• [DATASET CONTENT]
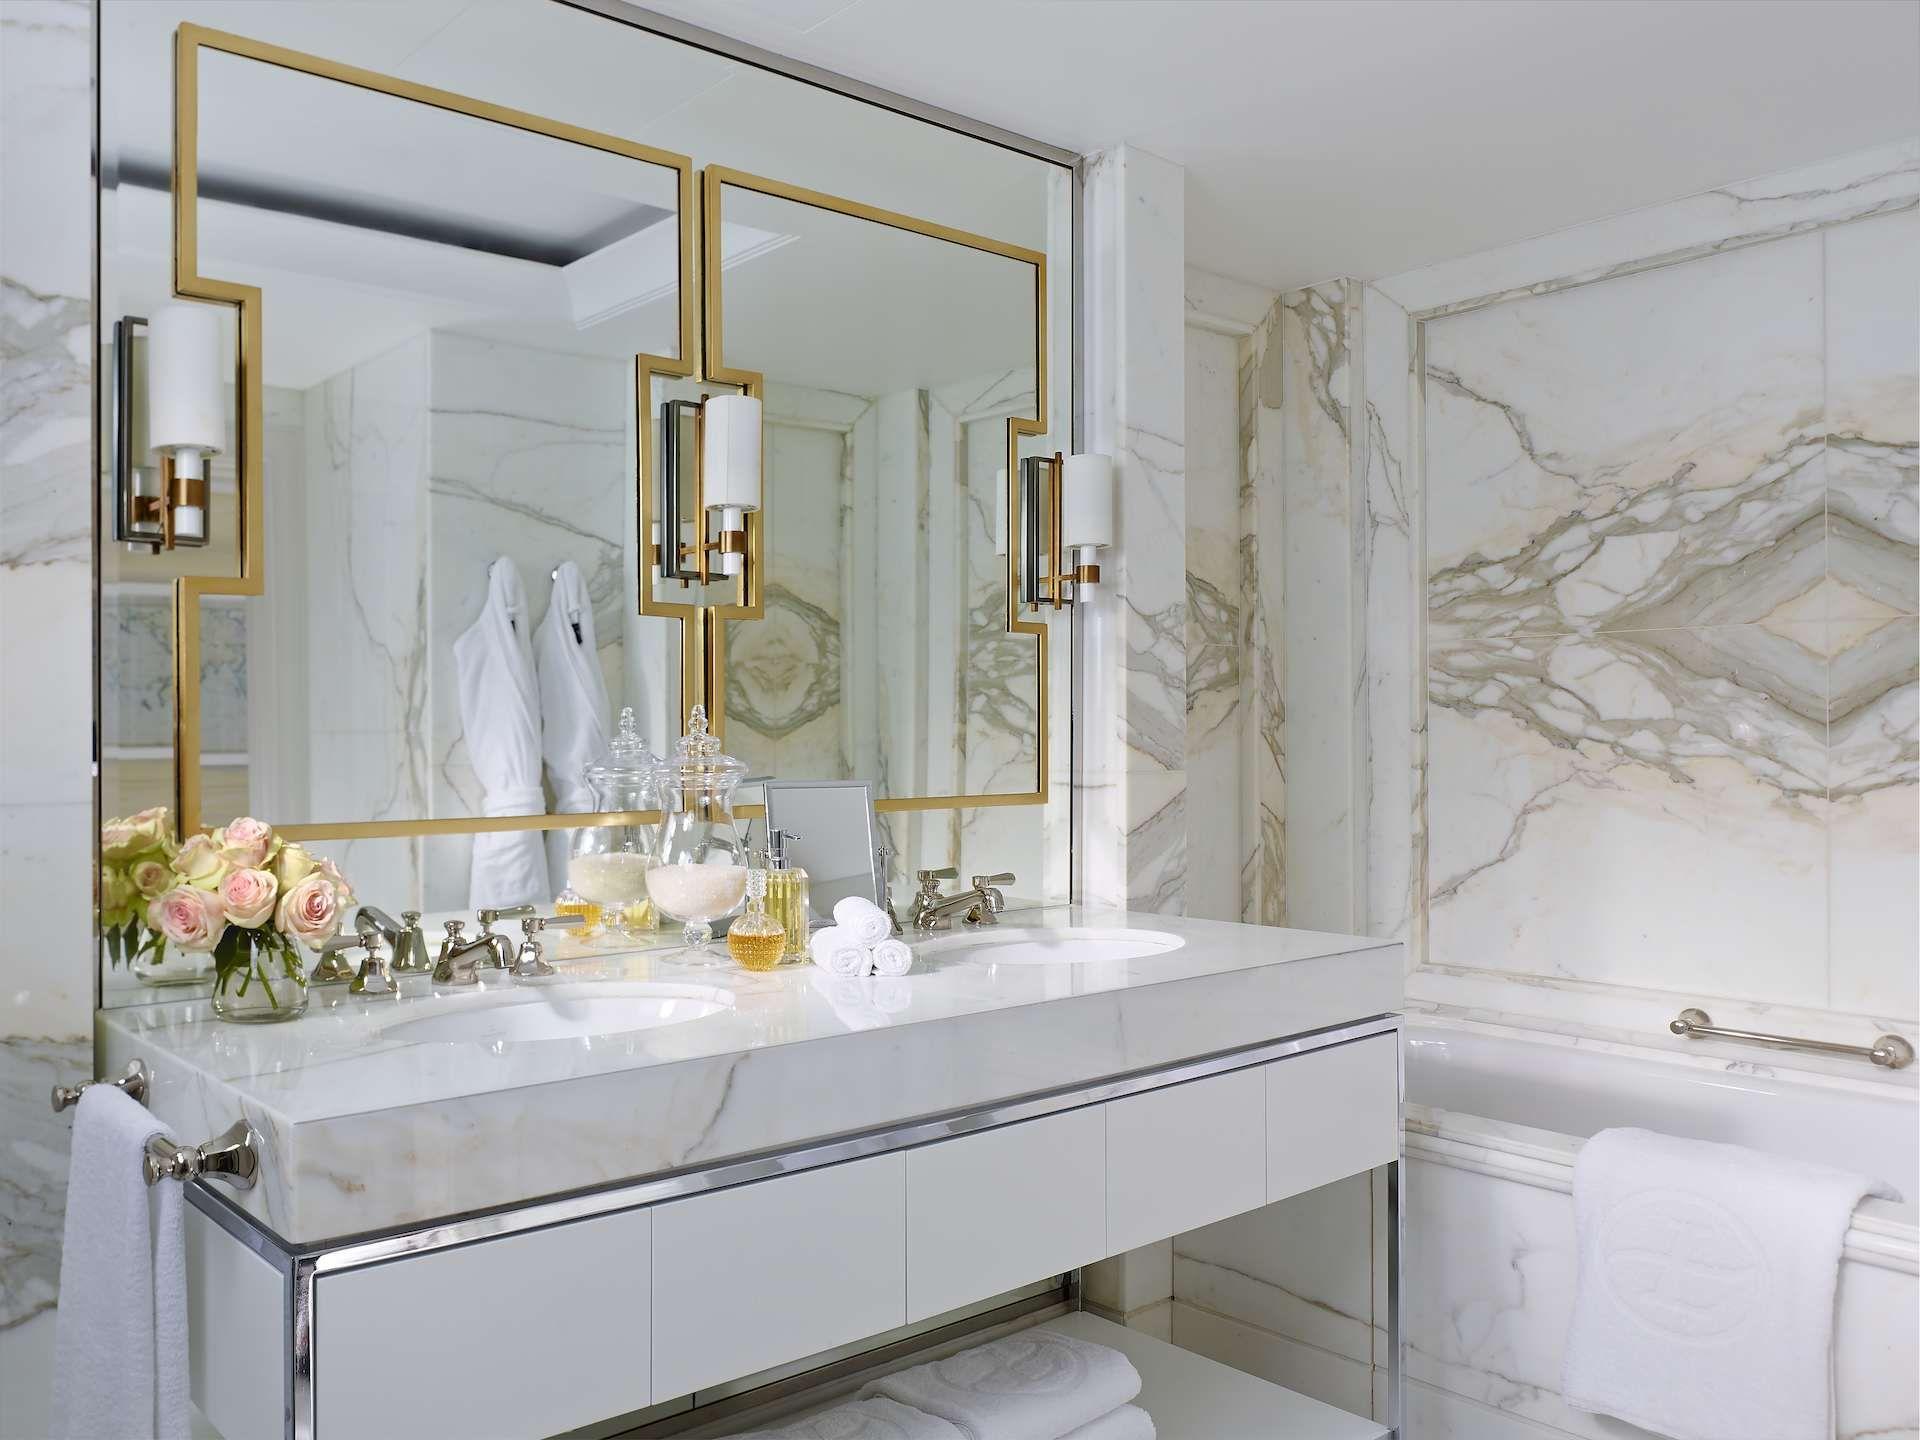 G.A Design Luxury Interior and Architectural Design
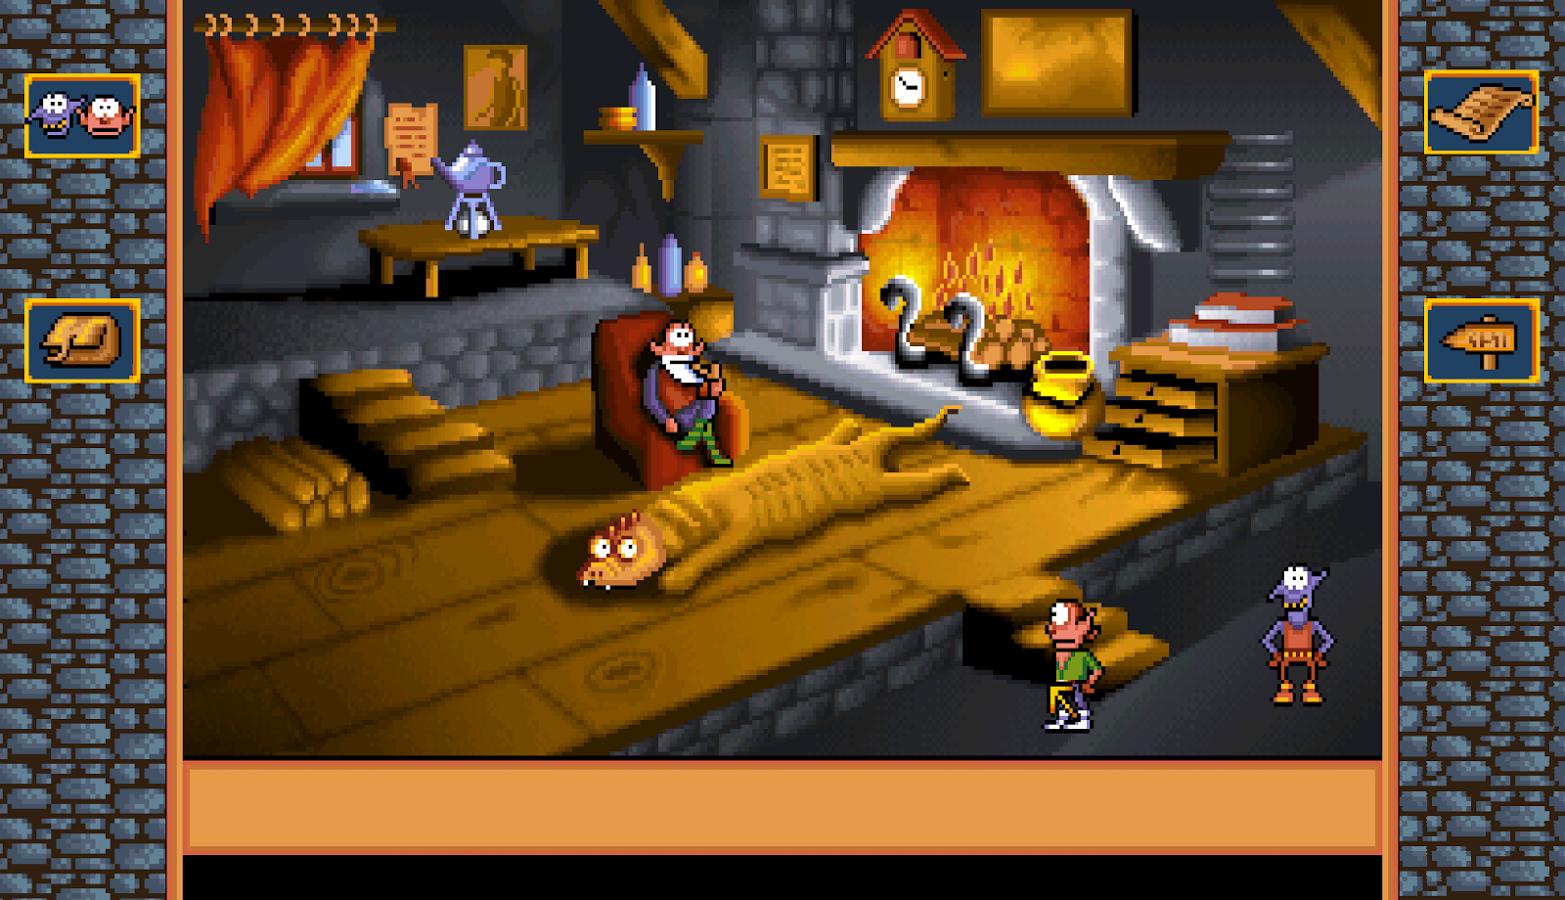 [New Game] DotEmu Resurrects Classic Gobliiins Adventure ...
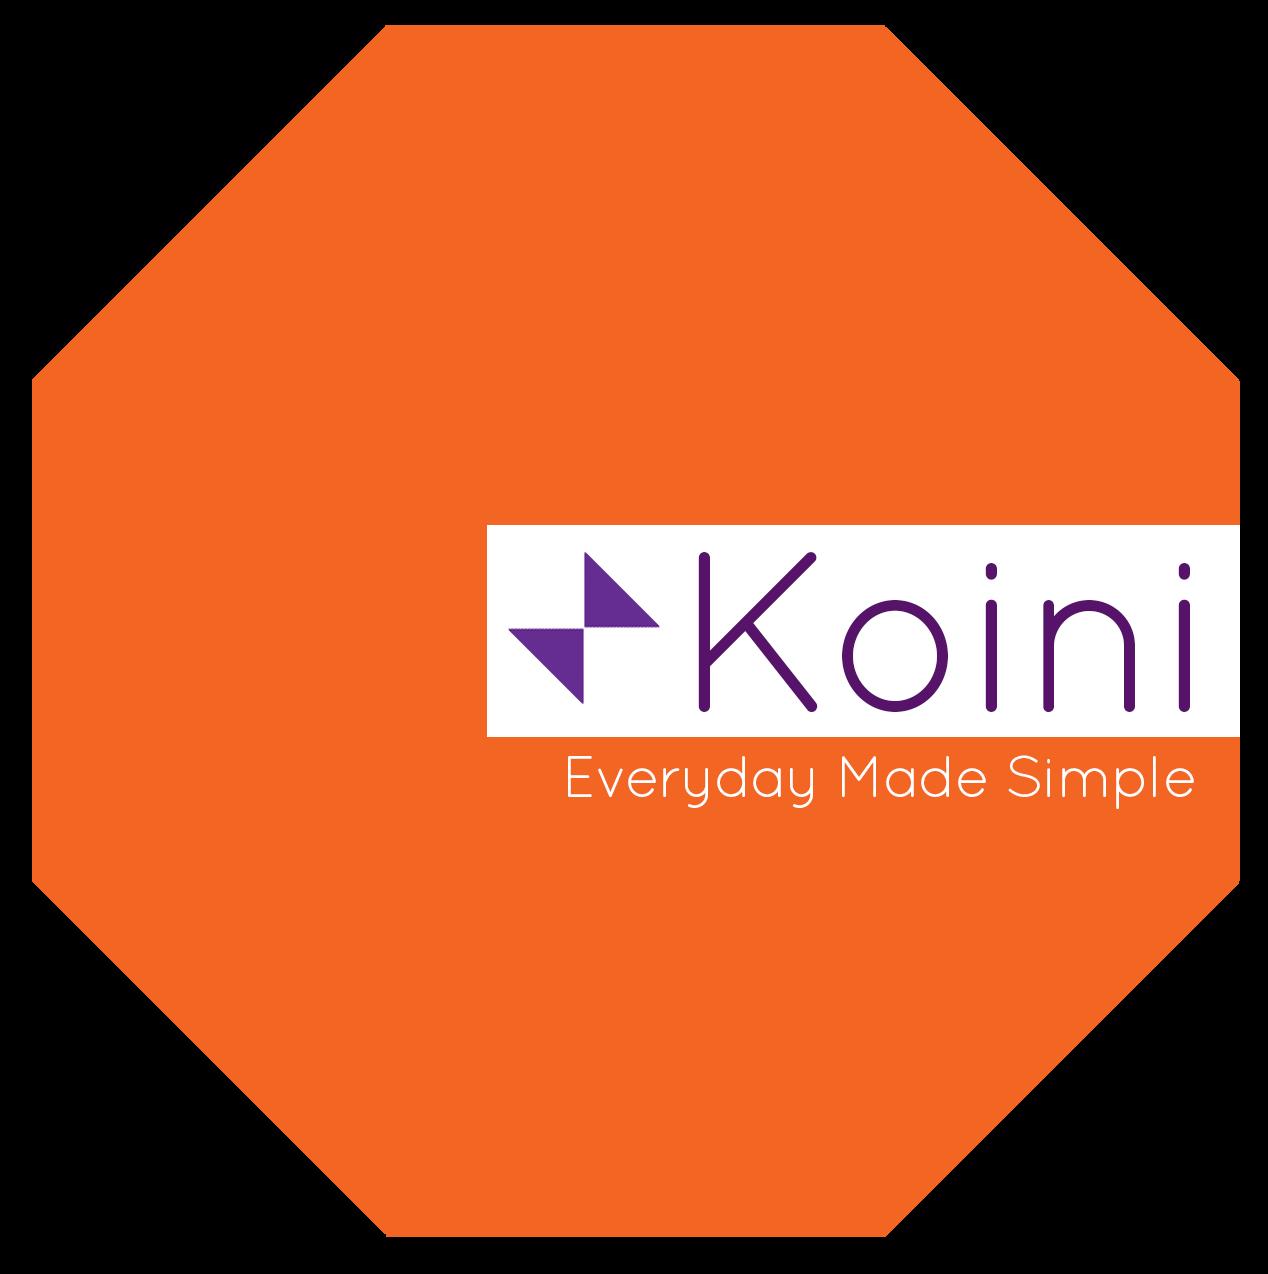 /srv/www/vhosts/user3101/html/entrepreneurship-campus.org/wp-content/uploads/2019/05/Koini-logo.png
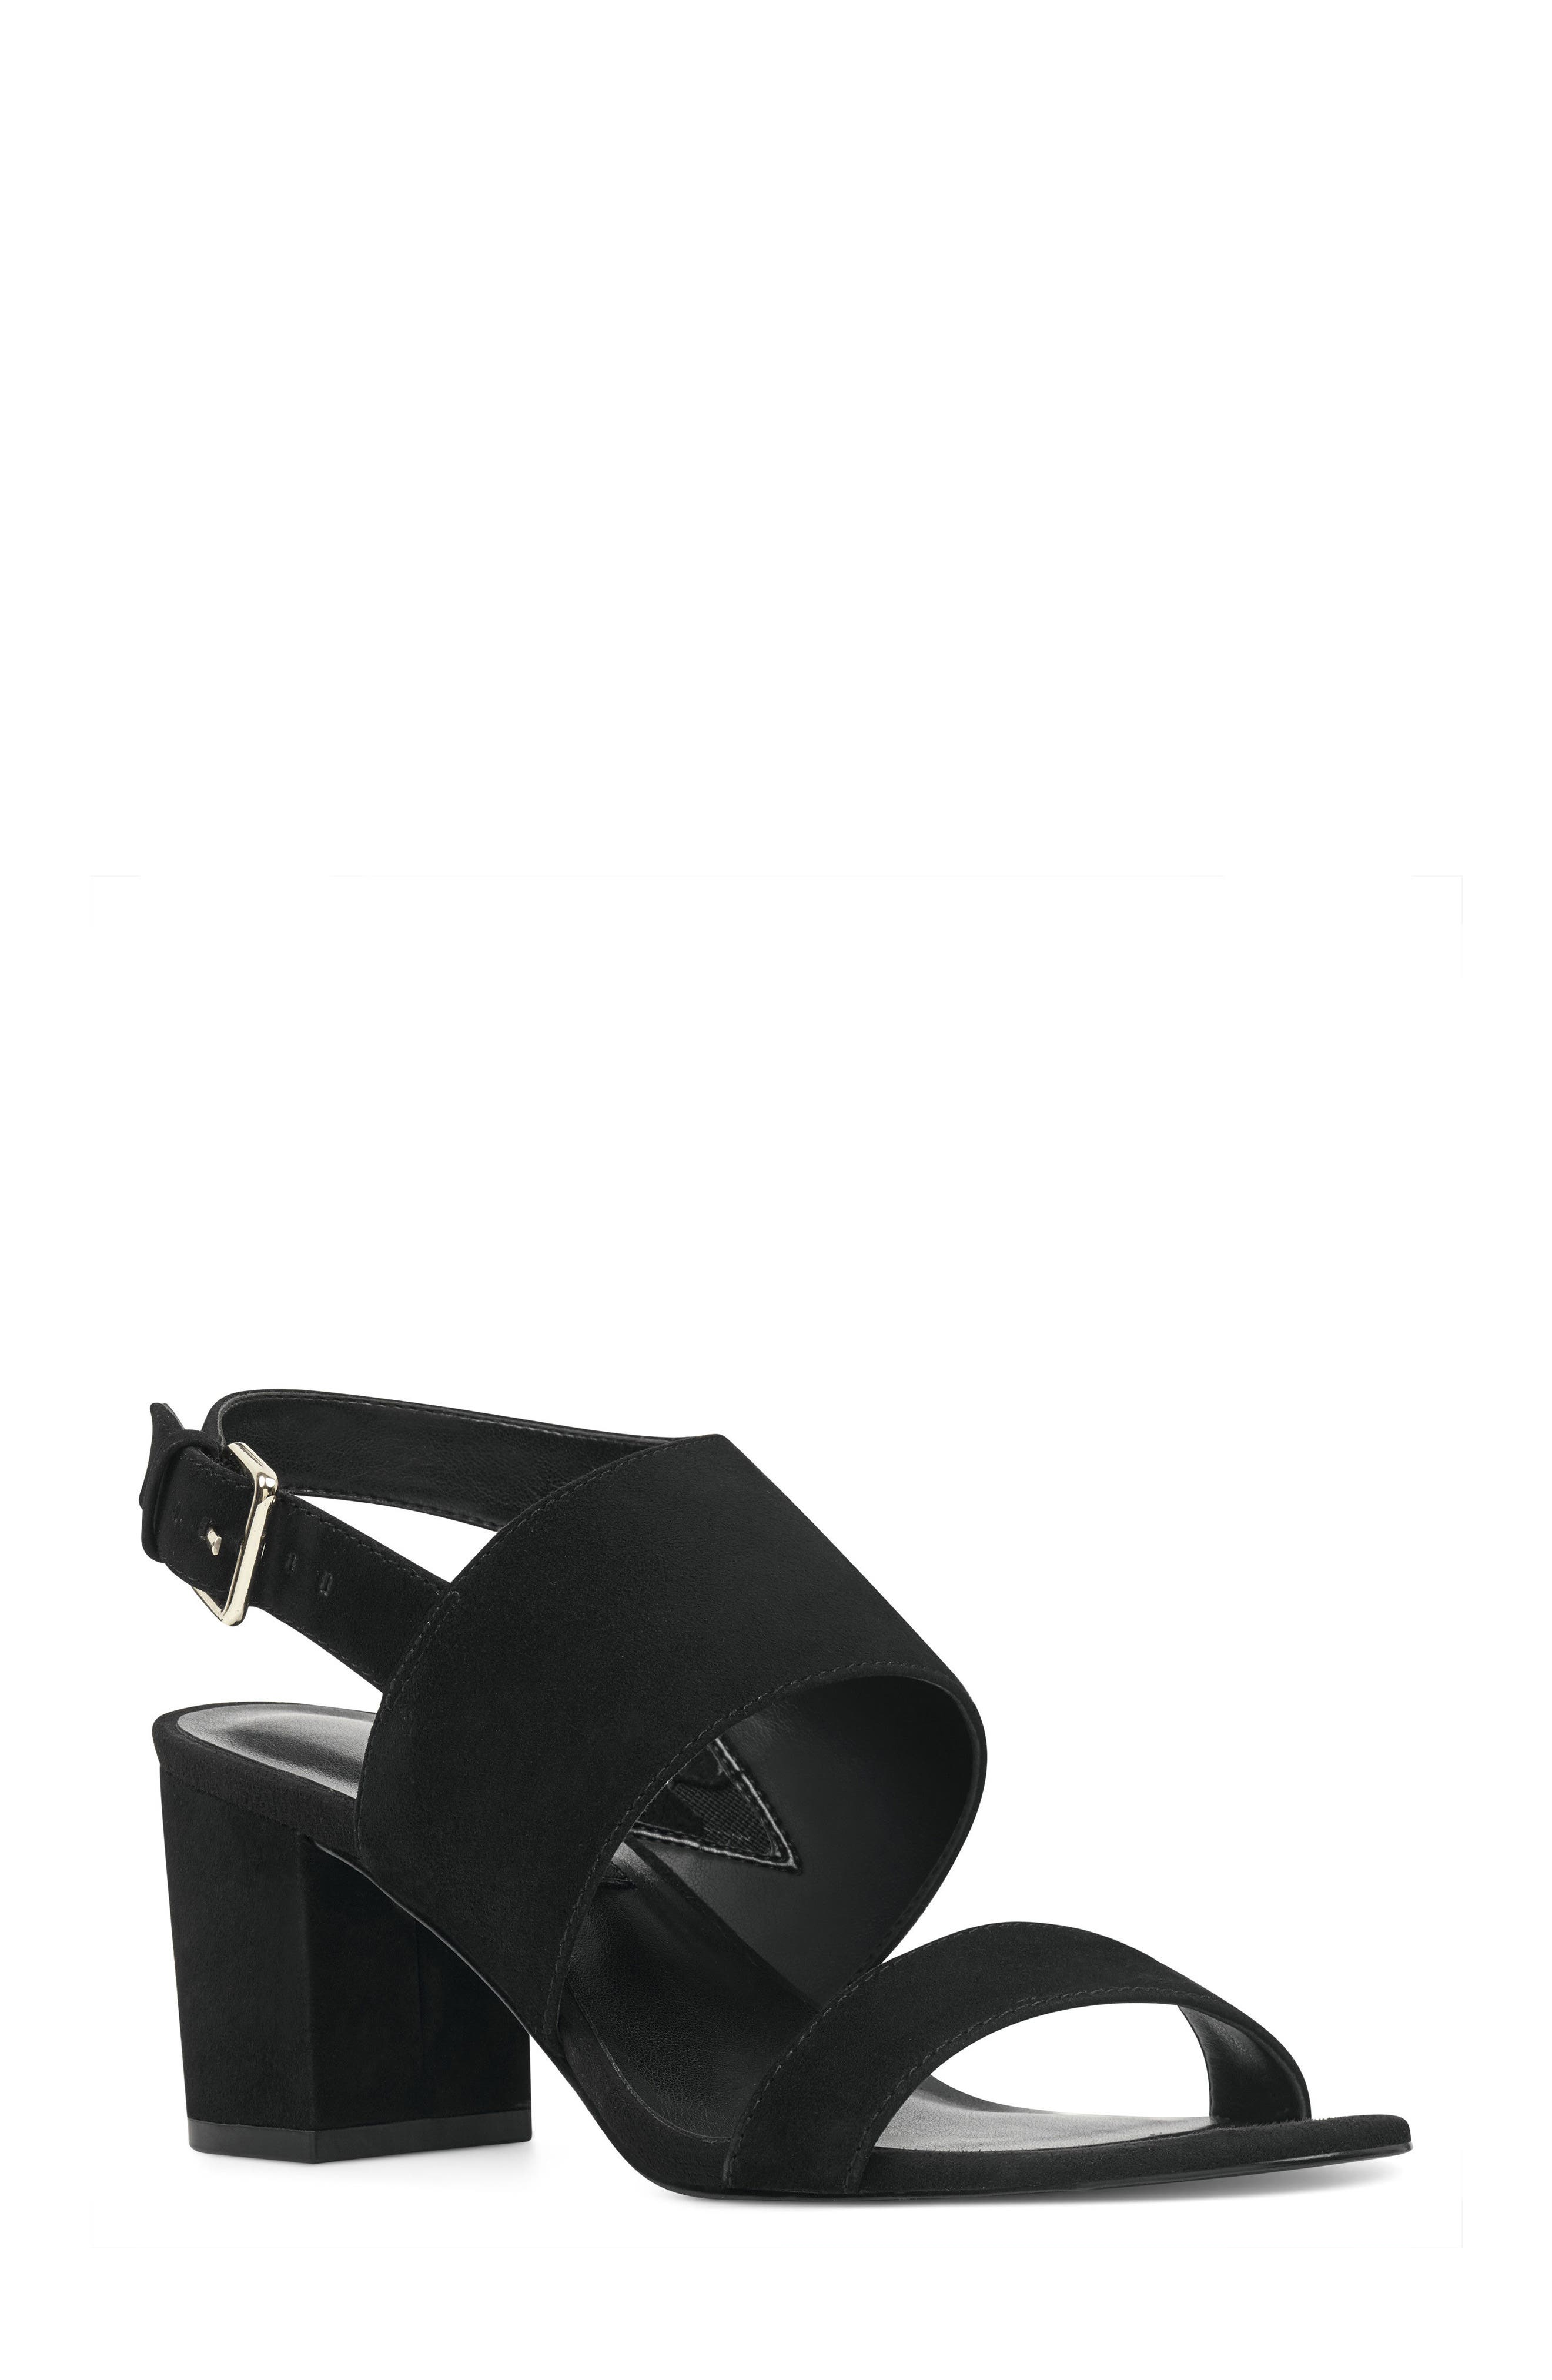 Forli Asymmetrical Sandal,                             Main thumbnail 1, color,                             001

• [ASSIGNED TASK] Copy out the data above to the letter, and keep every picture out of it.

• [TASK OUTPUT]
 G.A Design Luxury Interior and Architectural Design
 [New Game] DotEmu Resurrects Classic Gobliiins Adventure ...
 /srv/www/vhosts/user3101/html/entrepreneurship-campus.org/wp-content/uploads/2019/05/Koini-logo.png
 Forli Asymmetrical Sandal,                             Main thumbnail 1, color,                             001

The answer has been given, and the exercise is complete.